== What the task requires ==
Retype the whole of the data exactly.

........

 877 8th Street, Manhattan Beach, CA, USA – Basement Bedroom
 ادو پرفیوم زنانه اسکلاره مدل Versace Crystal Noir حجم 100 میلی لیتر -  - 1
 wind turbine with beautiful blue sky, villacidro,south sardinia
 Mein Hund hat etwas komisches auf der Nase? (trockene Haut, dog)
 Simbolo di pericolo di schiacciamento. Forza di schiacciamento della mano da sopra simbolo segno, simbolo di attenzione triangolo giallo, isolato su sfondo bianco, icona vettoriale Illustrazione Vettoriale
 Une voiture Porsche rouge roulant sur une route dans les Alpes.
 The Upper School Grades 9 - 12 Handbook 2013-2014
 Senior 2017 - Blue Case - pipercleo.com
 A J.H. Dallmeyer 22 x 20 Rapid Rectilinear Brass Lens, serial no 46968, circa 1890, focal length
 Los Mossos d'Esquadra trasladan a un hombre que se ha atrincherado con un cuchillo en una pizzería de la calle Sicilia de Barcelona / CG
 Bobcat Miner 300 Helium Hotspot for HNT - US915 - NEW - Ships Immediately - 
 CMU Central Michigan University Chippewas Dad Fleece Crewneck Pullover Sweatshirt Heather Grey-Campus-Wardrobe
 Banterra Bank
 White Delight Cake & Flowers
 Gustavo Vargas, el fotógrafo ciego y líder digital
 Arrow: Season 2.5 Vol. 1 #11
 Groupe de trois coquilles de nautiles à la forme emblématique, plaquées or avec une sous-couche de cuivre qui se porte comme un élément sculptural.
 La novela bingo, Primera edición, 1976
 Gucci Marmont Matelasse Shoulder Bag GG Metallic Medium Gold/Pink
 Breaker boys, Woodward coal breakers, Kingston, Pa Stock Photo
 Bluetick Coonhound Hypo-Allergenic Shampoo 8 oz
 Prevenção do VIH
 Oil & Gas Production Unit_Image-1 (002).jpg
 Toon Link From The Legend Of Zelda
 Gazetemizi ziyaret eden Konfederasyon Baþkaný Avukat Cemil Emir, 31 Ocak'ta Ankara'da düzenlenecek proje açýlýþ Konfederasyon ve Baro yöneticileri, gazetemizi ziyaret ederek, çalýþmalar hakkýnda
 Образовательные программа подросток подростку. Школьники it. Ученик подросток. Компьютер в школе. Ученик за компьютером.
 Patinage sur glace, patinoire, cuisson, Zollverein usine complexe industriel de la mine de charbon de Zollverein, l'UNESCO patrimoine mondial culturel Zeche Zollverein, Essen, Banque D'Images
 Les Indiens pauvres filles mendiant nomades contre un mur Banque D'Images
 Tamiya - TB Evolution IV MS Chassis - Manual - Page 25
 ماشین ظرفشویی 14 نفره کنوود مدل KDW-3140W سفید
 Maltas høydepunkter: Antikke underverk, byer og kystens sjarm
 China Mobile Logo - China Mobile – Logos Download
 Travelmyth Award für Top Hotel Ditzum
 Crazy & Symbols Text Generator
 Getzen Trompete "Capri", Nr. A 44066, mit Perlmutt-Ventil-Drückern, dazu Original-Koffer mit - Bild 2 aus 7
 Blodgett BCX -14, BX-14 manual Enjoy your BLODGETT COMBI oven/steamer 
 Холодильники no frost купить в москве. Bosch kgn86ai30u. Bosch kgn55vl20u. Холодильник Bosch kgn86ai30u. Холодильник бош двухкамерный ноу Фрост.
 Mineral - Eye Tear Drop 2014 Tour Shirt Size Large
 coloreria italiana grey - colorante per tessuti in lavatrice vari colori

........

== Response to this exercise ==
 877 8th Street, Manhattan Beach, CA, USA – Basement Bedroom
 ادو پرفیوم زنانه اسکلاره مدل Versace Crystal Noir حجم 100 میلی لیتر -  - 1
 wind turbine with beautiful blue sky, villacidro,south sardinia
 Mein Hund hat etwas komisches auf der Nase? (trockene Haut, dog)
 Simbolo di pericolo di schiacciamento. Forza di schiacciamento della mano da sopra simbolo segno, simbolo di attenzione triangolo giallo, isolato su sfondo bianco, icona vettoriale Illustrazione Vettoriale
 Une voiture Porsche rouge roulant sur une route dans les Alpes.
 The Upper School Grades 9 - 12 Handbook 2013-2014
 Senior 2017 - Blue Case - pipercleo.com
 A J.H. Dallmeyer 22 x 20 Rapid Rectilinear Brass Lens, serial no 46968, circa 1890, focal length
 Los Mossos d'Esquadra trasladan a un hombre que se ha atrincherado con un cuchillo en una pizzería de la calle Sicilia de Barcelona / CG
 Bobcat Miner 300 Helium Hotspot for HNT - US915 - NEW - Ships Immediately - 
 CMU Central Michigan University Chippewas Dad Fleece Crewneck Pullover Sweatshirt Heather Grey-Campus-Wardrobe
 Banterra Bank
 White Delight Cake & Flowers
 Gustavo Vargas, el fotógrafo ciego y líder digital
 Arrow: Season 2.5 Vol. 1 #11
 Groupe de trois coquilles de nautiles à la forme emblématique, plaquées or avec une sous-couche de cuivre qui se porte comme un élément sculptural.
 La novela bingo, Primera edición, 1976
 Gucci Marmont Matelasse Shoulder Bag GG Metallic Medium Gold/Pink
 Breaker boys, Woodward coal breakers, Kingston, Pa Stock Photo
 Bluetick Coonhound Hypo-Allergenic Shampoo 8 oz
 Prevenção do VIH
 Oil & Gas Production Unit_Image-1 (002).jpg
 Toon Link From The Legend Of Zelda
 Gazetemizi ziyaret eden Konfederasyon Baþkaný Avukat Cemil Emir, 31 Ocak'ta Ankara'da düzenlenecek proje açýlýþ Konfederasyon ve Baro yöneticileri, gazetemizi ziyaret ederek, çalýþmalar hakkýnda
 Образовательные программа подросток подростку. Школьники it. Ученик подросток. Компьютер в школе. Ученик за компьютером.
 Patinage sur glace, patinoire, cuisson, Zollverein usine complexe industriel de la mine de charbon de Zollverein, l'UNESCO patrimoine mondial culturel Zeche Zollverein, Essen, Banque D'Images
 Les Indiens pauvres filles mendiant nomades contre un mur Banque D'Images
 Tamiya - TB Evolution IV MS Chassis - Manual - Page 25
 ماشین ظرفشویی 14 نفره کنوود مدل KDW-3140W سفید
 Maltas høydepunkter: Antikke underverk, byer og kystens sjarm
 China Mobile Logo - China Mobile – Logos Download
 Travelmyth Award für Top Hotel Ditzum
 Crazy & Symbols Text Generator
 Getzen Trompete "Capri", Nr. A 44066, mit Perlmutt-Ventil-Drückern, dazu Original-Koffer mit - Bild 2 aus 7
 Blodgett BCX -14, BX-14 manual Enjoy your BLODGETT COMBI oven/steamer 
 Холодильники no frost купить в москве. Bosch kgn86ai30u. Bosch kgn55vl20u. Холодильник Bosch kgn86ai30u. Холодильник бош двухкамерный ноу Фрост.
 Mineral - Eye Tear Drop 2014 Tour Shirt Size Large
 coloreria italiana grey - colorante per tessuti in lavatrice vari colori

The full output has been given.